当前位置:网站首页>Flashtext, a data cleaning tool, has directly increased the efficiency by dozens of times
Flashtext, a data cleaning tool, has directly increased the efficiency by dozens of times
2022-06-28 02:39:00 【Python concentration camp】
In some ordinary small-scale data filtering 、 Regular expressions are the most commonly used in the cleaning process , But as the data scale increases , Regular expressions seem to have some spare energy .
Regular expressions in a 10k In the thesaurus of 15k The time of a keyword is almost 0.165 second . But for Flashtext It just needs 0.002 second . therefore , On this issue Flashtext Is about faster than regular expressions 82 times .
From the performance comparison of the above example diagram , You can see that as we need to process more and more characters , The processing speed of regular expressions almost increases linearly . However ,Flashtext Almost a constant .

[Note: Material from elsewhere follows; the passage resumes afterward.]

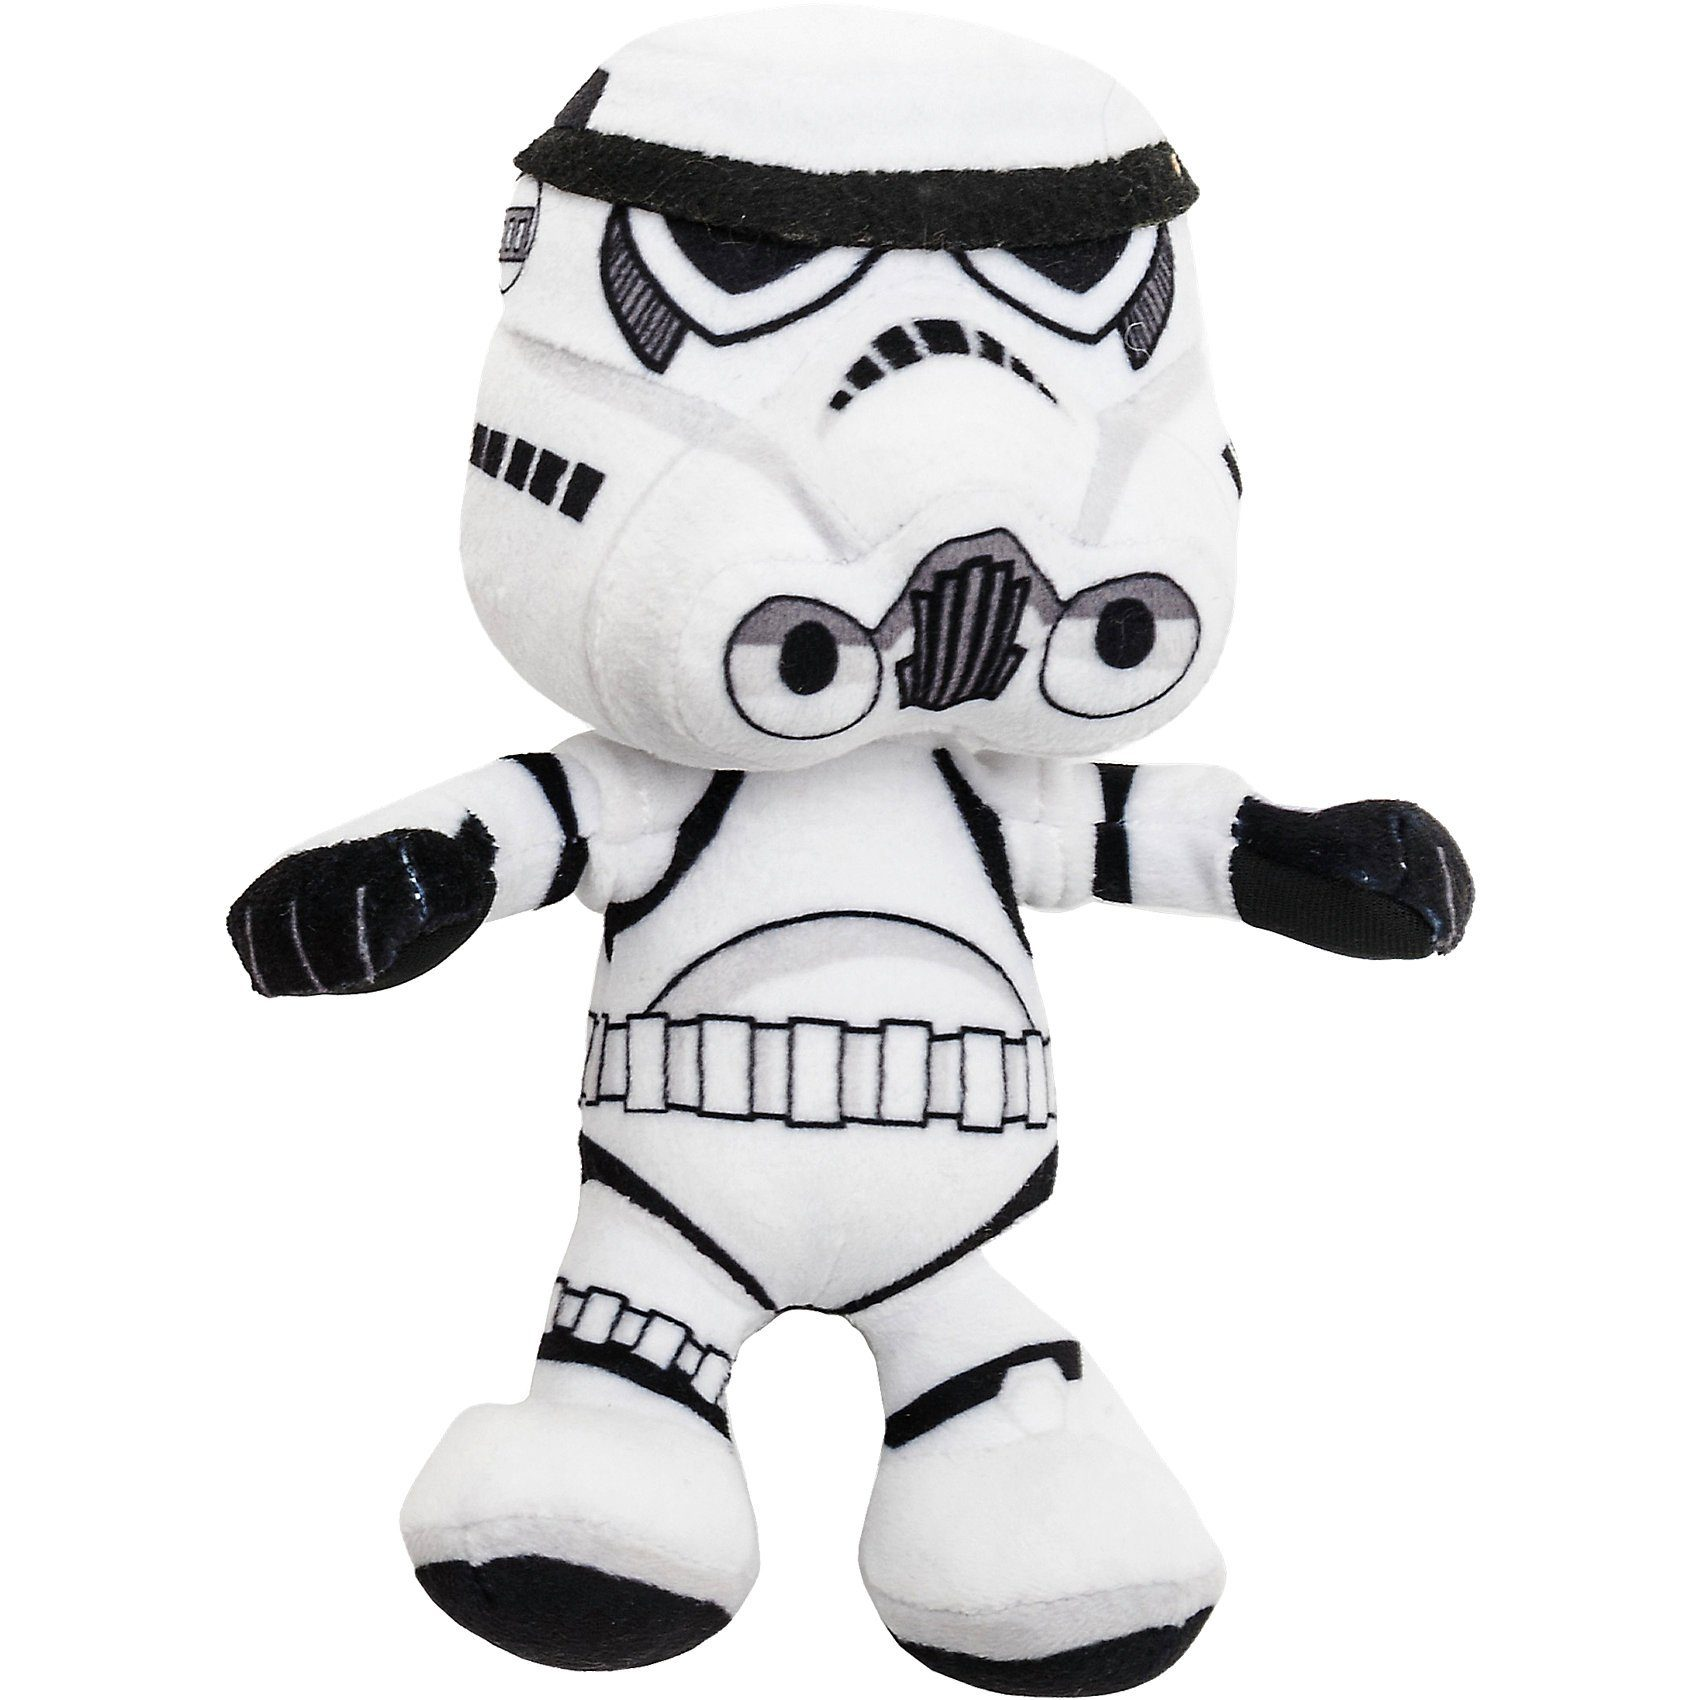 JOY TOY Velboa-Samtplüsch Storm Trooper Star Wars, 20 cm

1、 Get ready flashtext Environmental Science
adopt pip To install flashtext, Or other ways are also possible , The mirror station of Tsinghua University is used by default .

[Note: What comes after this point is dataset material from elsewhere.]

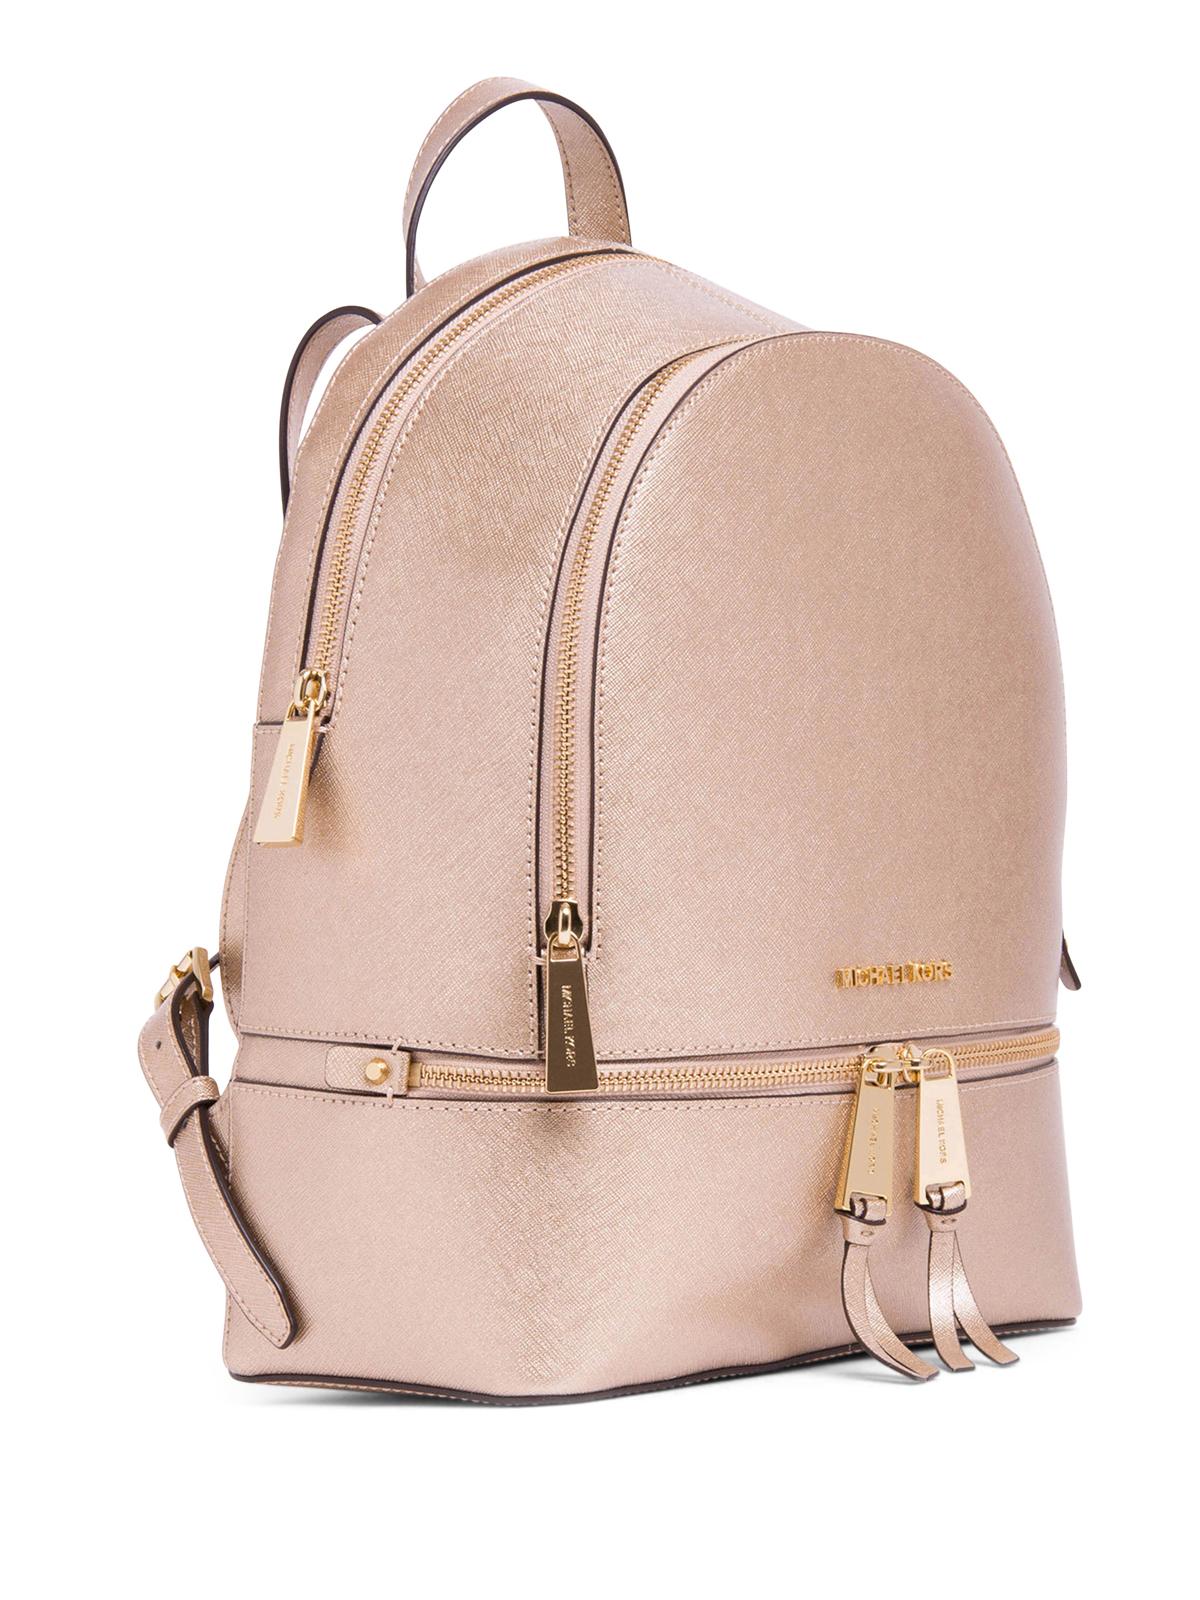 0f898272936f MICHAEL KORS: backpacks online - Metallic Saffiano Rhea backpack

pip install flashtext -i https://pypi.tuna.tsinghua.edu.cn/simple
Getting ready for flashtext After environment , Take a look at flashtext Important use process , Help us to better complete the data cleaning operation .
2、 Add keywords
When adding a keyword here, it is added to the keyword thesaurus through a single keyword , Use add_keyword Function to add . The first parameter indicates the keyword to be added , The second parameter is the alias of the first keyword , If the keyword is found, it is displayed as an alias , If the second parameter is not used as an alias, the original name will still be displayed .
from flashtext import KeywordProcessor
# Initialize the key vocabulary processor
processor = KeywordProcessor()
# Add keywords in the normal way
processor.add_keyword('Python')
# Add keywords by alias
processor.add_keyword('Scala', 'Java')
In this way, the required keywords have been added to the thesaurus processor in two ways .
3、 Extract key words
Add keywords through the previous step , Now the keyword information already exists in the thesaurus processor , Reuse extract_keywords Just extract the keywords .

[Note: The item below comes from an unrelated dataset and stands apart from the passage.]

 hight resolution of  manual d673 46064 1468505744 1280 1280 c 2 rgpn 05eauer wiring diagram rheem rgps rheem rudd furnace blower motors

# Extract keyword information from a string
found = processor.extract_keywords('I like Python and Scala.')
# result
print(found)
# ['Python', 'Java']
And here it is , As we expected , and Scala Also shown as Java.
4、 Replace keywords
Replace the keywords with replace_keywords function , The premise is that the words with aliases in the thesaurus can be replaced , Just like up here Scala Displayed as Java equally .
Replace... In a string Scala key word , because Scala The corresponding alias is Java, So... In a string Scala It should be replaced by Java.
replaced = processor.replace_keywords('I like Scala.')
# result
print(replaced)
# I like Java.
# Scala If so, it will be replaced by Java.
5、 Get all keywords
Sometimes , stay KeywordProcessor You may not remember what keywords have been added to the thesaurus processor , It can be used at this time get_all_keywords Function to get all the current keywords .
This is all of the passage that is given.